Detachment from the Origin
Civilization is not knowing the origin of what you eat.
While walking through the ancient city side of Casablanca, I noticed live chickens in a cage in the middle of the street. As I started to watch from a distance, a woman approached the man with a knife standing next to the chickens. Having never seen anything like this before, I couldn’t grasp the situation at first. After a brief conversation, the man opened the cage, took out a chicken from among the flapping birds, and delivered a sharp blow to its head. The sound of the knife hitting the table echoed down the street. While I watched in shock, everyone else continued with their daily lives as usual. After dismembering the chicken, which had been alive just ten seconds earlier, he handed it to the woman in a bag. The fact that no one seemed to find this unusual made me think.
How often do I encounter the original form of what I eat?
Over time, as societies have become more urbanized and industrialized, the connection between food and its original source has become more distant for many people.
Historically, people were directly involved in the process of raising, slaughtering, and consuming animals, which meant they were acutely aware of the origins of their food.
Today, with the advent of supermarkets, processed foods, and fast food restaurants, many people are far removed from the processes of food production.
Let’s say, in a rural village 150 years ago, a family raised chickens on their small farm. The family members were responsible for feeding, caring for, and eventually slaughtering the chickens when they were ready to be eaten. They saw the entire lifecycle and were directly involved in every step.
Today, consider someone living in a large city who decides to eat chicken for dinner. They go to a supermarket and buy pre-packaged chicken breasts. The chicken is already cleaned, cut, and ready to cook.
The consumer has no direct connection to the farm where the chicken was raised, the people who cared for it, or the processing plant where it was slaughtered and packaged. For many, the chicken simply exists as a product on a store shelf, disconnected from its origins as a living animal.

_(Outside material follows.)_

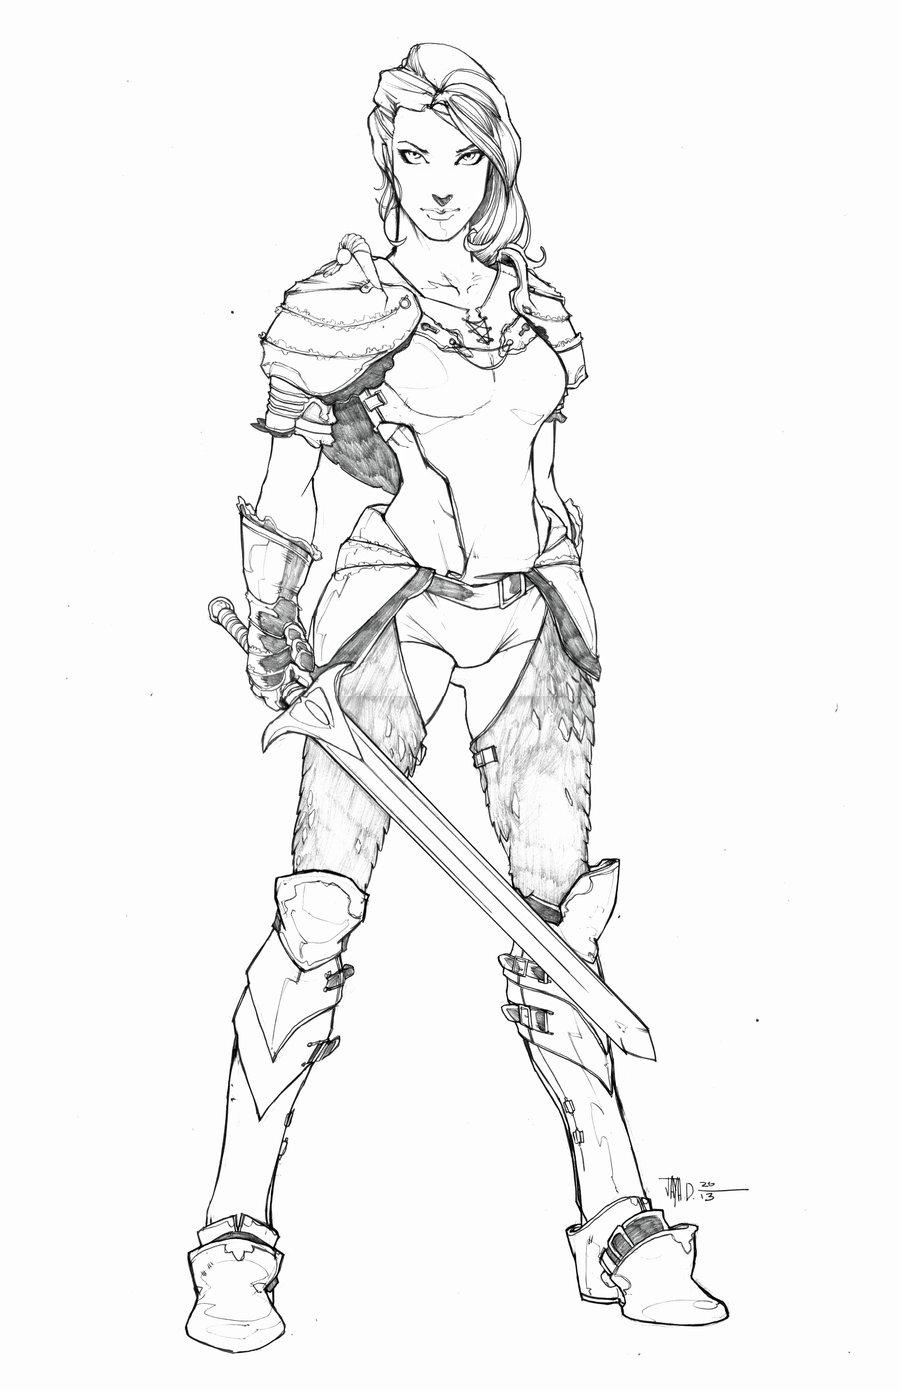 Drawn warrior Warrior Warrior Realistic Image Girl

As agriculture became industrialized, the production of food transformed from a communal and transparent process into a complex, opaque system. The use of machinery, chemical fertilizers, and pesticides, as well as the globalization of food supply chains, has led to increased efficiency but also to a profound loss of connection. Consumers are often unaware of how their food is grown, harvested, and processed, leading to a form of ignorance about the very substances that sustain them.